The ways, devices and technologies used for energy collection depend on the environment where the device is installed. In places with temperature variations, for example, thermoelectric cells can be used to convert the temperature difference into electrical energy. In engine monitoring, on the other hand, one can take advantage of the vibration of the motors to convert the movement into electricity, with coils and magnets mechanically coupled to engines and machines.

Radio waves can also be harnessed by picking up the energy by an antenna and accumulating it in a capacitor until there is enough to be used for a short time by the IoT device electric circuit.

Again, it is important to be careful and use as little power as possible on IoT devices, controlling the size of messages and simplifying sensor reading so that everything is done quickly. The challenge of energy collection is greater than that of using batteries, since there is less energy being supplied and it has to be used carefully, but it is still possible. It is necessary to avoid complex functions and focus on something simpler, such as a temperature sensor, for example, that only reads and passes the data to a gateway via radio.

Without a battery or cable, the IoT electric circuit becomes more independent and can be installed more easily. Since it is small and simpler, the cost is lower and it is possible to install many more devices spread throughout the space — generating more data for analysis. It also requires less maintenance, since it does not have batteries to recharge and the circuit does not suffer from the peak power problems present in the electrical network.



When designing devices for use in IoT, we must always remember to plan the power system for the circuits. This is as important as defining which system (Wi-Fi, Bluetooth etc.) or protocol to use.

The use of the power grid is advantageous in fixed production lines, where sockets and DC power lines are available by simply connecting a cable. For monitoring things that can move in the factory, it is necessary to use batteries and plan circuits and software algorithms for consumption reduction.

New electronic circuit technologies have emerged, bringing components that consume so little energy that they can be powered by data collection devices — by vibration or even by radio waves.
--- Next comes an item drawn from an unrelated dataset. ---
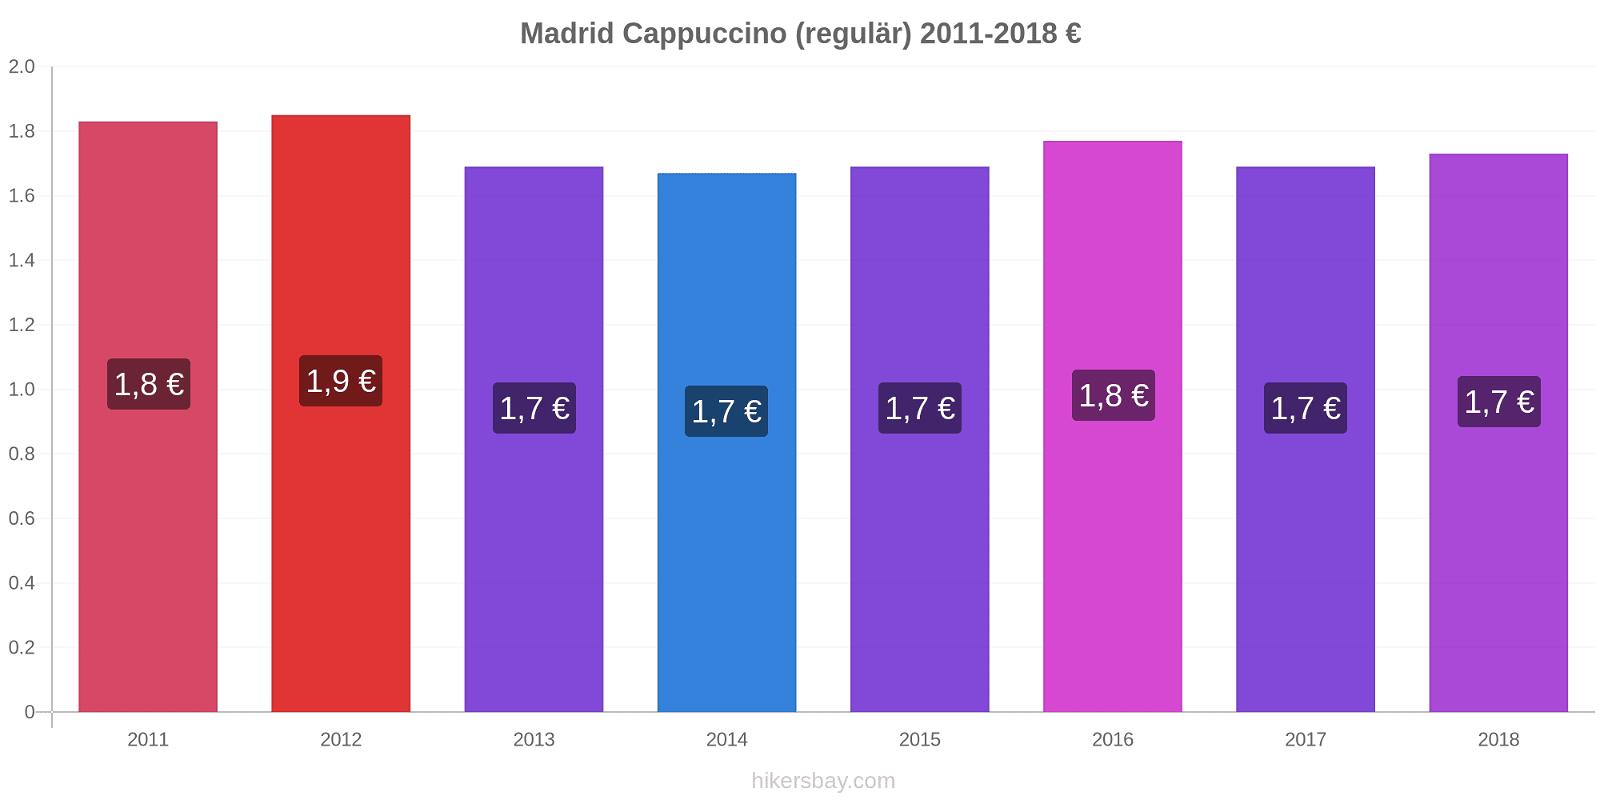 Madrid Preisänderungen Cappuccino (regulär) hikersbay.com
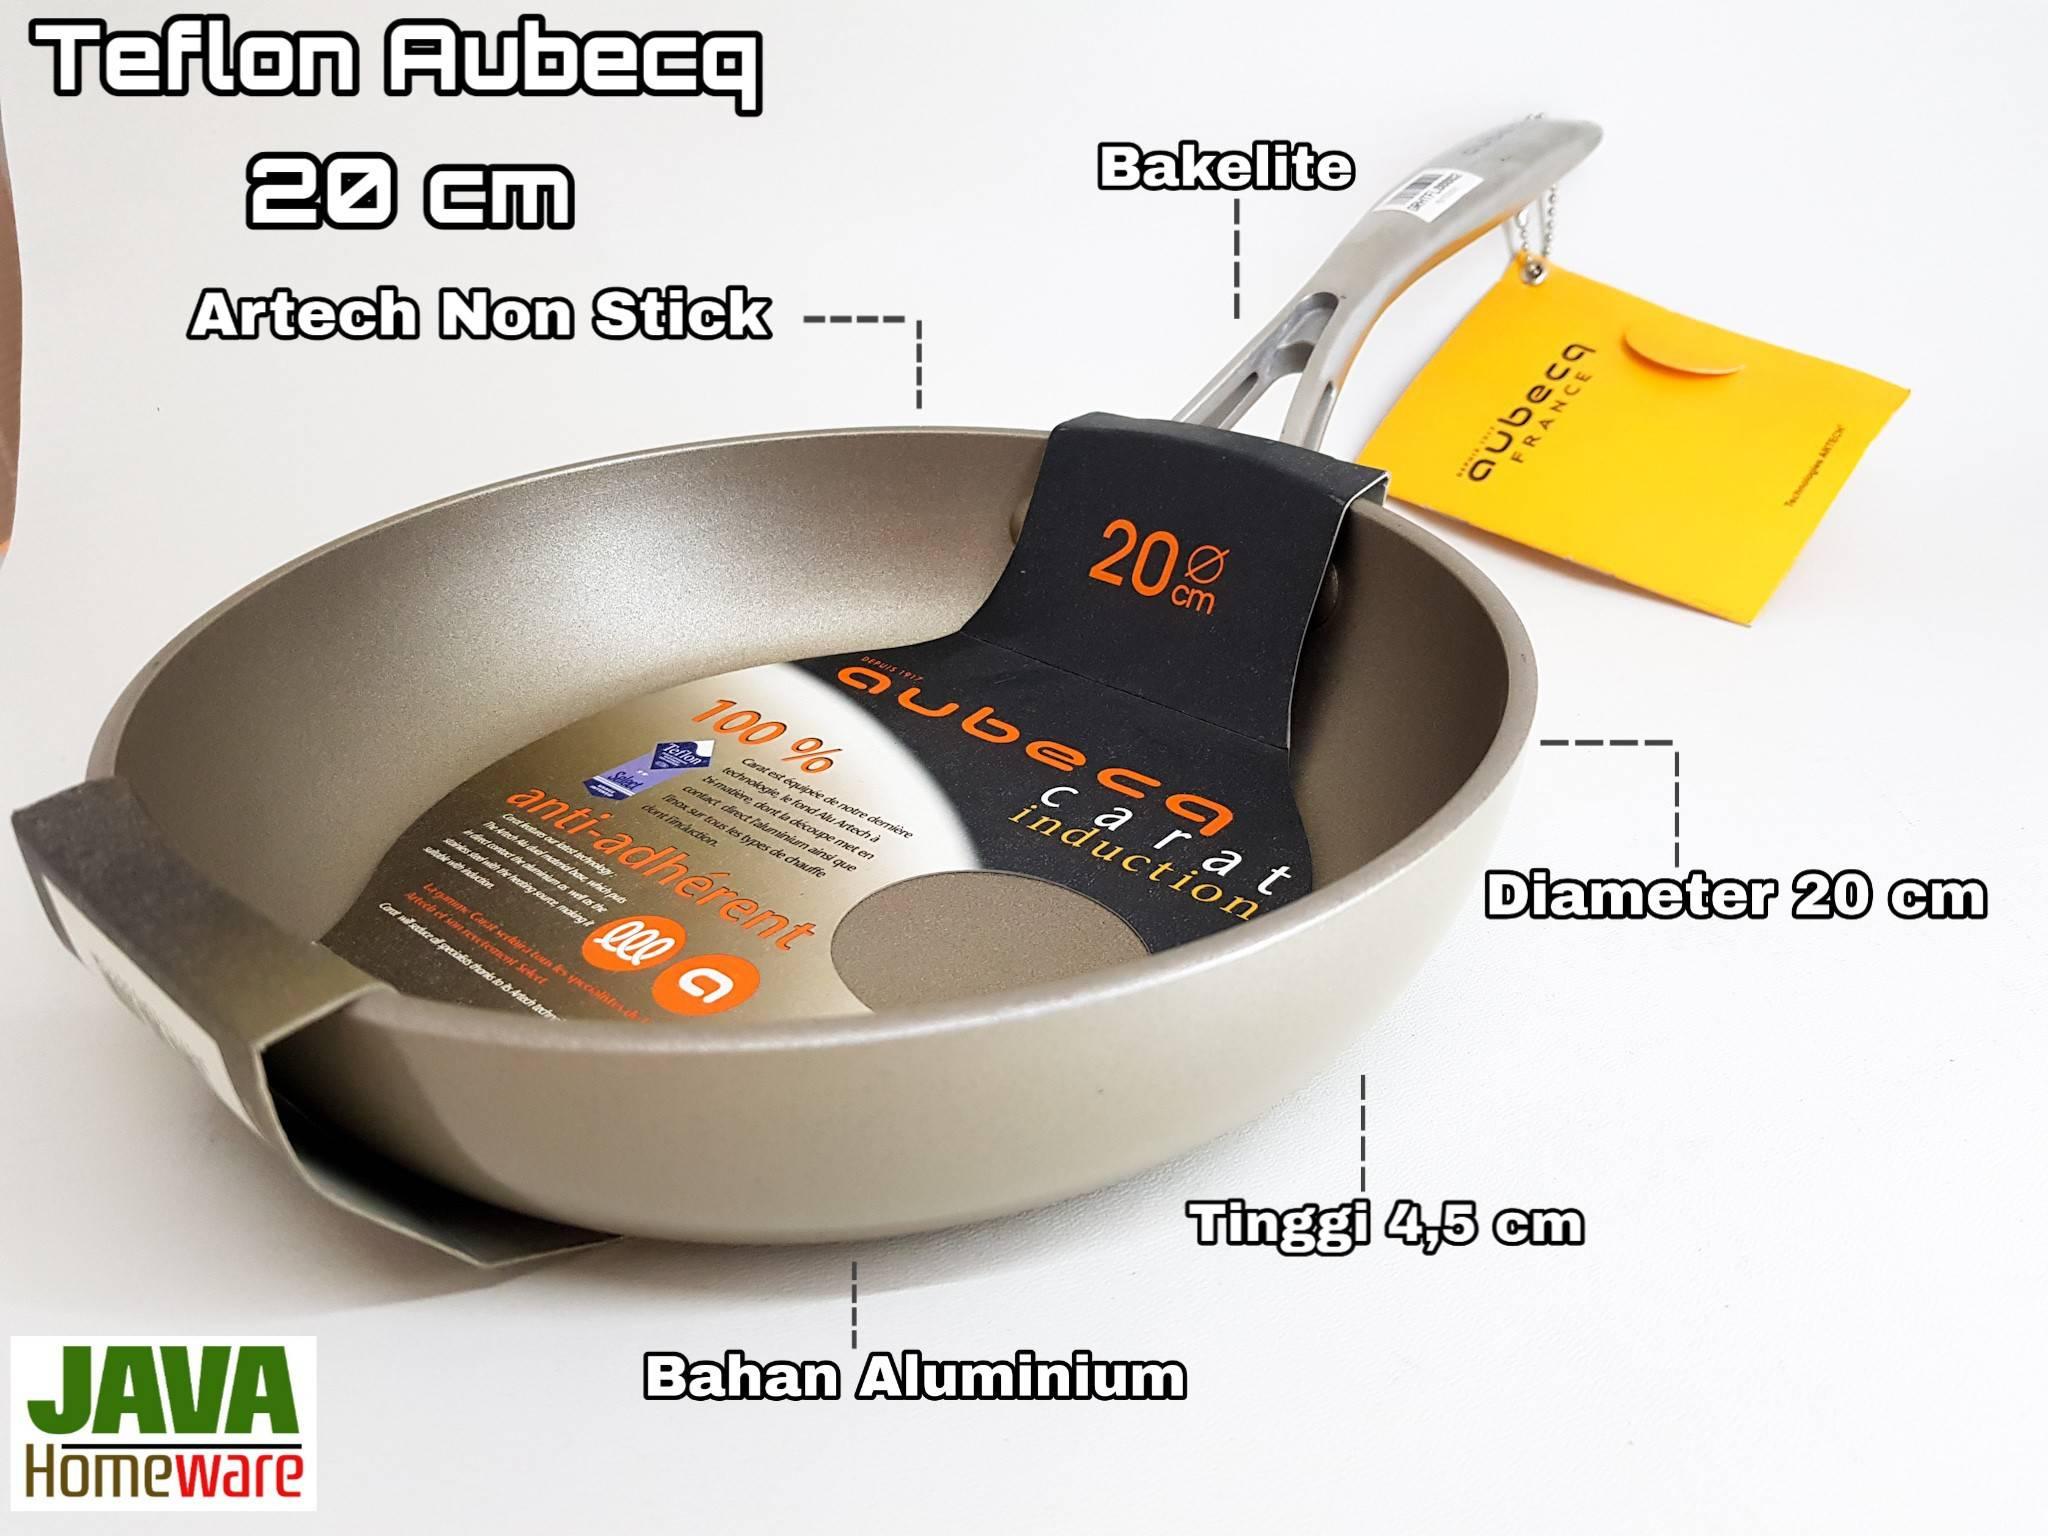 Teflon Aubecq carat induction 20cm

With low cost, these devices can be applied on a large scale, monitoring much more things on time, generating much more data for analysis.

Currently, in manufacturing, it is still difficult to escape from the two traditional types of electronic circuit power — battery and mains —, because they are the only options with practical feasibility. However, energy collection, over time, can become a good future alternative, which will give more independence and economy to data collection in industry processes.